There is a Sanctus Real song named, "Whatever You're Doing" (the video is below).

They question, "Am I doing everything to follow your will or just climbing aimlessly over these hills?...Show me what it is you want from me. I give everything; I surrender." I sense in the most clear way that is possible, that at this point in my life God is calling me to speak out about the wrongs that have been perpetuated against Gay, Lesbian, Bi-Sexual and Transgendered folks. Did you know that every five hours an LGBT teen commits suicide? This is an outrage that I fear the Church (and me as a member and minister within the Church) has had a hand in facilitating.

There are folks who may chock up this latest "Soap Box" to my already liberal leanings. There are still others who may use this new thing that God is doing inside of  me to dismiss me altogether. That is honestly very scary. I am fearful to keep quiet and not get too "carried away" with this subject. After all, this whole thing started because of a new Talk Series for Awaken and after I get through delivering it I can forget about it and move on, right? The part of me that has been trained by ten years of ministry work inside the local church is screaming out, "Don't go too far off of the reservation; what will "they" (the seasoned Christians and Pastors) think.?" That side of me is begging, "How will you answer the critics who say that you are accepting of these abominations?" Without relenting is asks, "Are you saying that "they" (the gays) are right and the Church is wrong; haven't you read Romans 1?"

Honestly, I don't know the future and what may come from this. But this I know: I will surrender to what he is doing inside of me. I know this: I will not only fight the fights that I can win but also the fights that just need fighting. I know: Love covers a multitude of sins. I know: Jesus loves.
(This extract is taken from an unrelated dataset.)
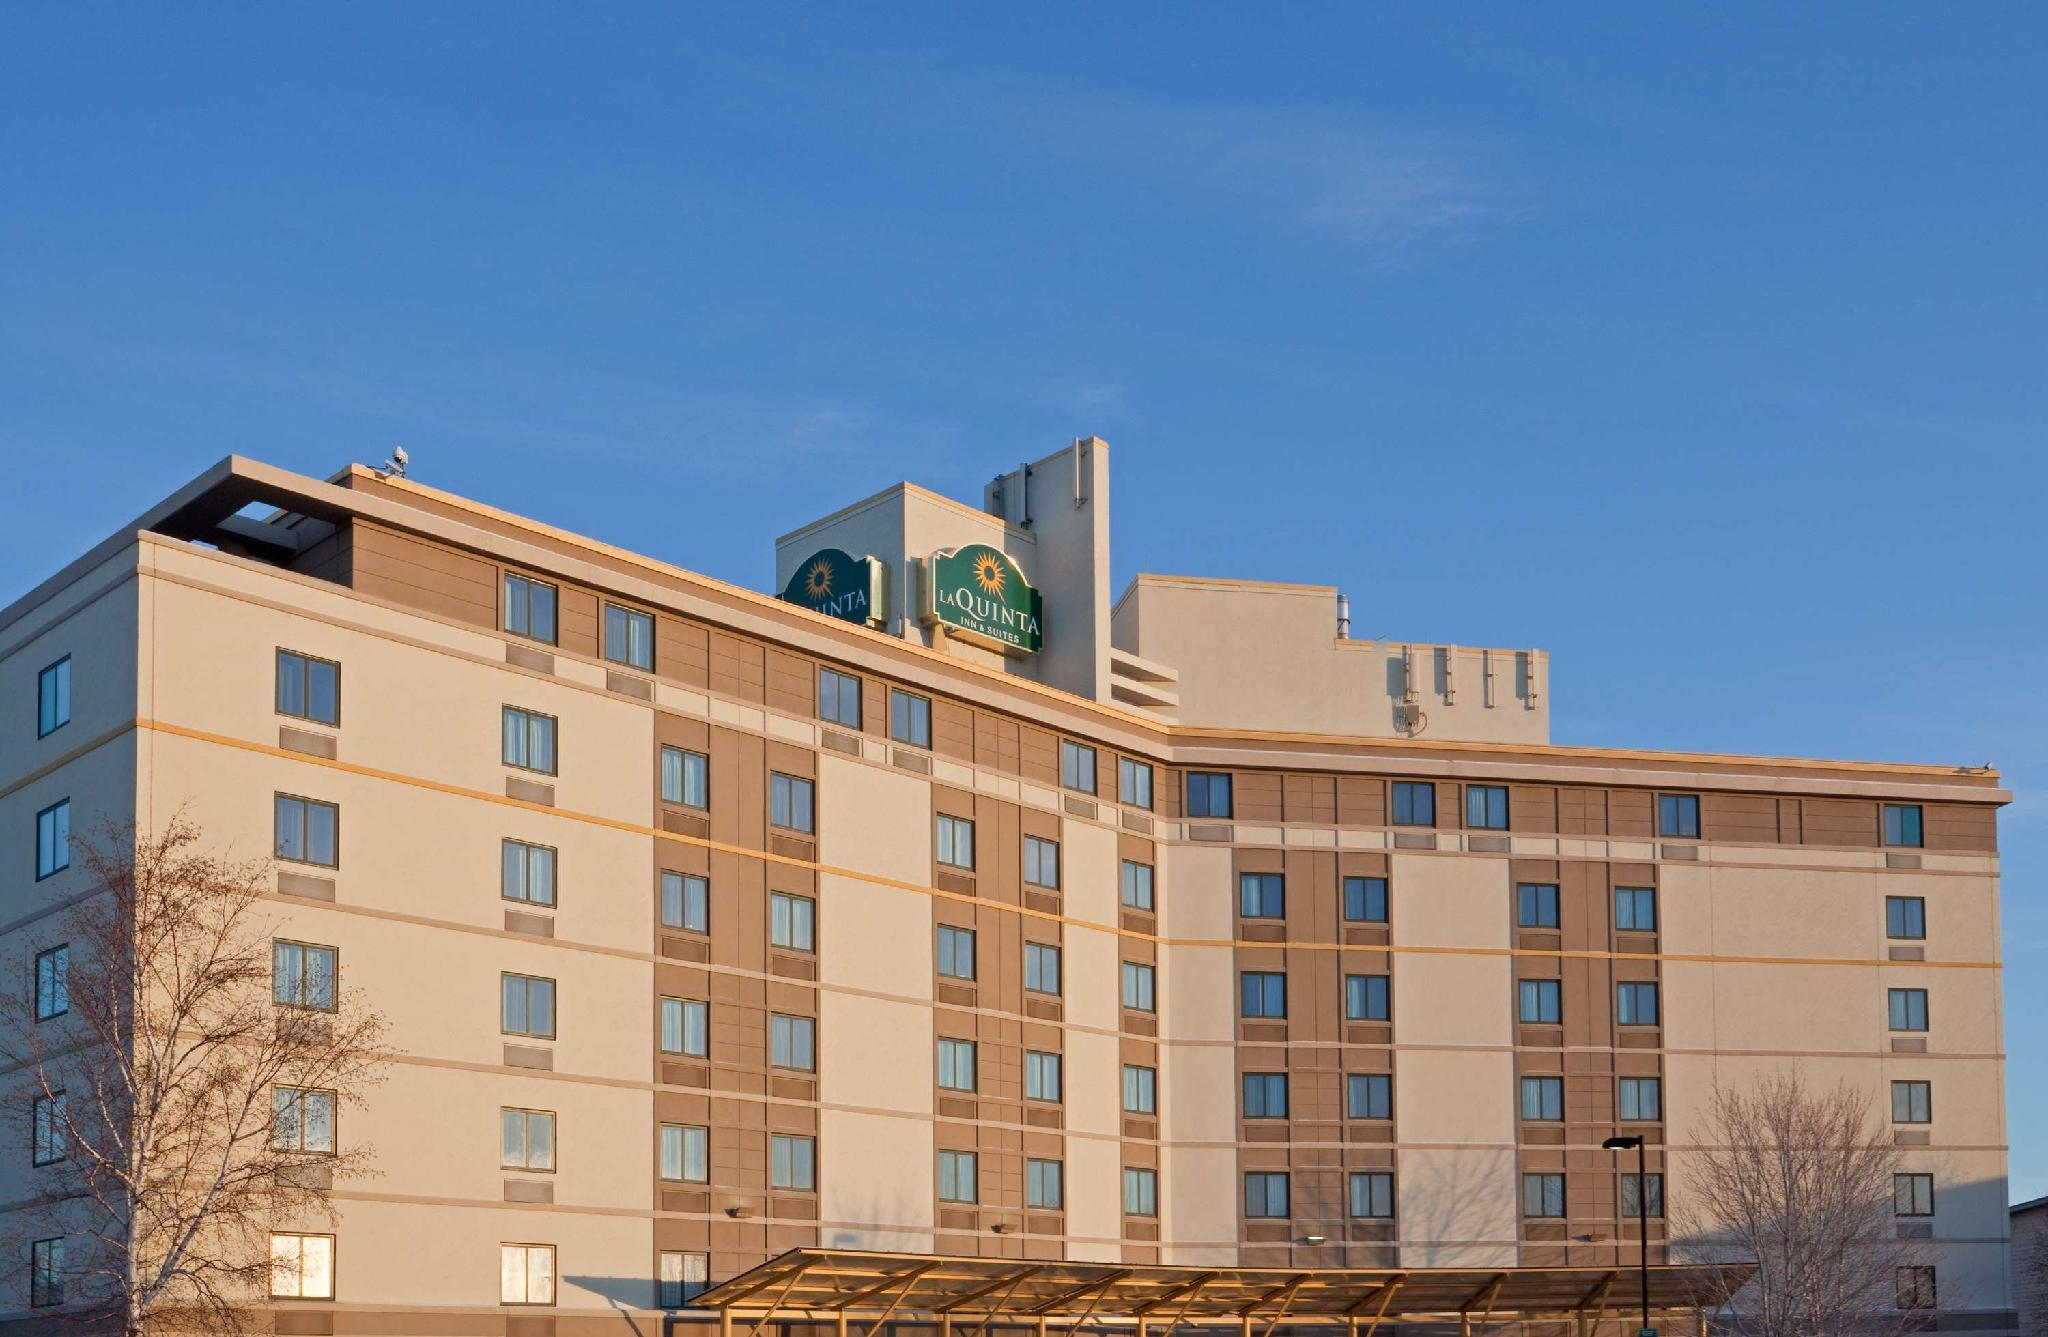 La Quinta Inn And Suites By Wyndham Boston Somerville

It is very hard to surrender to what I can't see, but I am giving in to something heavenly!

Pray for me; I'm scared...



Billy Graham has been quoted as saying, "It's the Holy Spirit's job to convict, God's job to judge and my job to love." Truer words could not have been spoken. So often as believers we confuse our role. A good friend of mine says a lot that we, "wanna be holy ghost junior." 

When the Son of Man returns, I want him to find me being about the business of loving folks. I don't want to have wasted all of my time trying to do God or the Holy Spirit's job. I don't want to waste the brief moments of my fleeting life telling people how much God wants to punish them. It has been said that the Good News, isn't Good News unless we tell people the bad news (I am sure I have made that asinine statement). That is false on its face. The Good News never ceases to be Good News. The Good News: That Jesus came so that we will never have to be separated from God is true whether we clobber folks over the head with their sin or not. If we were to be honest, the reality is that, so often, we use this argument to justify our bigotry, callousness,  phobias or outright hatred. Folks, all too often, are acutely aware of how messed up they are. What I want to spend my breaths on is speaking love and living love.

The word love is mentioned approximately 180 times in the New Testament alone. We can't claim to believe in, and love Jesus--whom we have never seen--but harbor hate and malice in our hearts toward folks who we do see. No. Hatred, bigotry and fear have never been--and will never be--desirable, God traits. Hatred is from another source altogether.